Jobs website Indeed is doubling the size of its European HQ in Dublin

The firm has racked up major losses in its local arm, but it still has plenty of cash to play with.

By Fora Staff

THE WORLD’S LARGEST jobs-listing website, Indeed, plans to double its staff in Ireland over the next two years.

The company today announced that it will hire 500 extra employees to add to its existing headcount of 530.

Indeed first established its Dublin office in March 2012 and the firm now runs its EMEA (Europe, Middle East and Africa) operations from the Irish base.

The company has already started recruiting staff for sales, client services, HR, business development, marketing, finance, strategy and operations roles.

Indeed president Chris Hyams said: “Having our EMEA hub in Dublin is the natural choice given the large pool of high-skilled talent both locally and from the rest of Europe.”

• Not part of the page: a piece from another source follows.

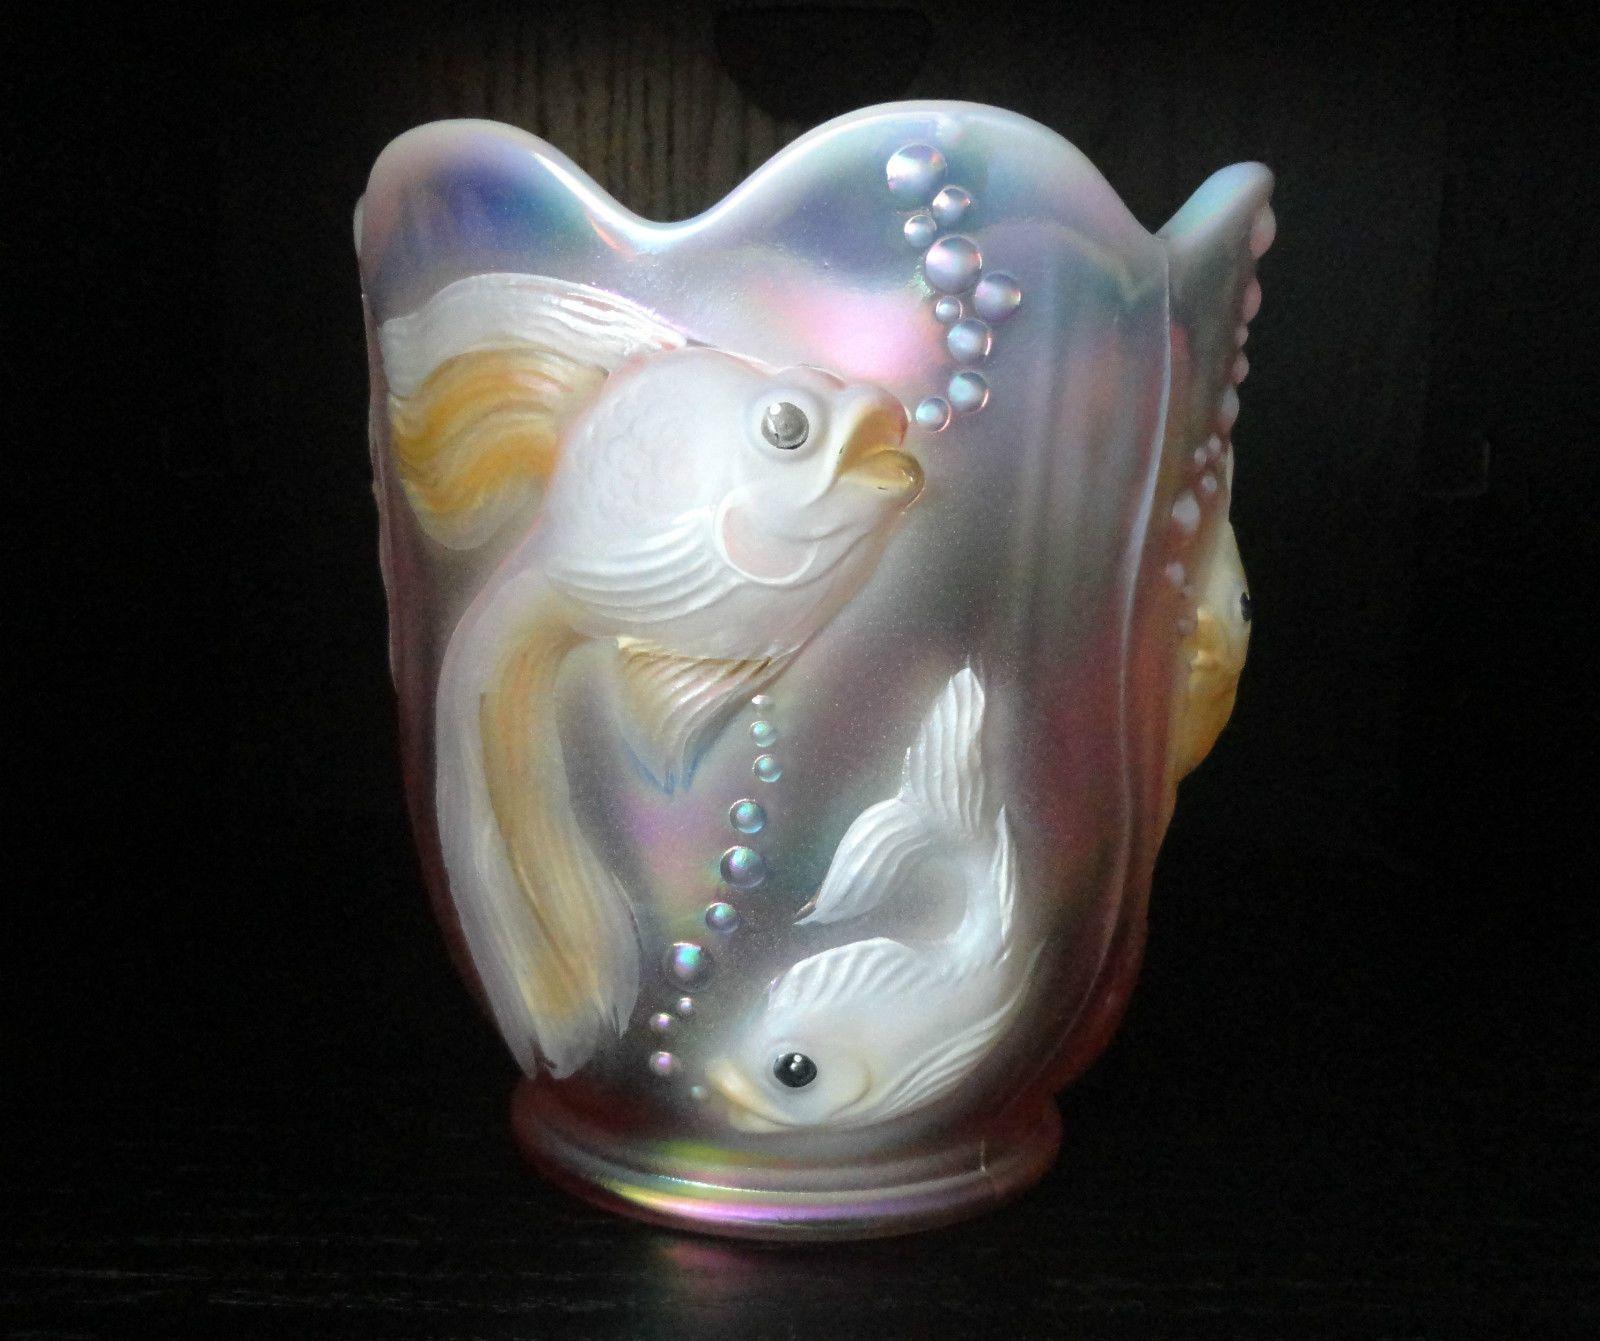 Fenton art glass atlantis fish vase hand painted pink opalescent fenton art glass atlantis fish vase hand painted pink opalescent signed gaskins ebay reviewsmspy

The company added that it had 19 nationalities represented in its local office.

Losses

According to the most recent accounts for the firm’s main Irish company, it had an average of 452 staff on the books during 2015, more than double the figure for a year earlier. The vast bulk of the workforce was employed in sales and marketing.

The company reported revenue of €144.2 million in 2015, up from €78.8 million the previous year. However, after administrative expenses of €202.6 million, it booked a loss for the year of €69.6 million.

The directors’ report said: “As the group is still implementing a strategy of expansion, the continuing operation of the group and company is dependent on the continued support from its parent company.”

The report noted the parent firm “has the ability to continue this support”, with cash on hand worth more than €2.2 billion.

Founded in 2004, the Austin, Texas-based jobs board has sites in more than 60 countries and 28 languages and is visited by 200 million people a month.

As well as showing paid listings, Indeed also aggregates ads from other sources such as jobs boards and company web pages.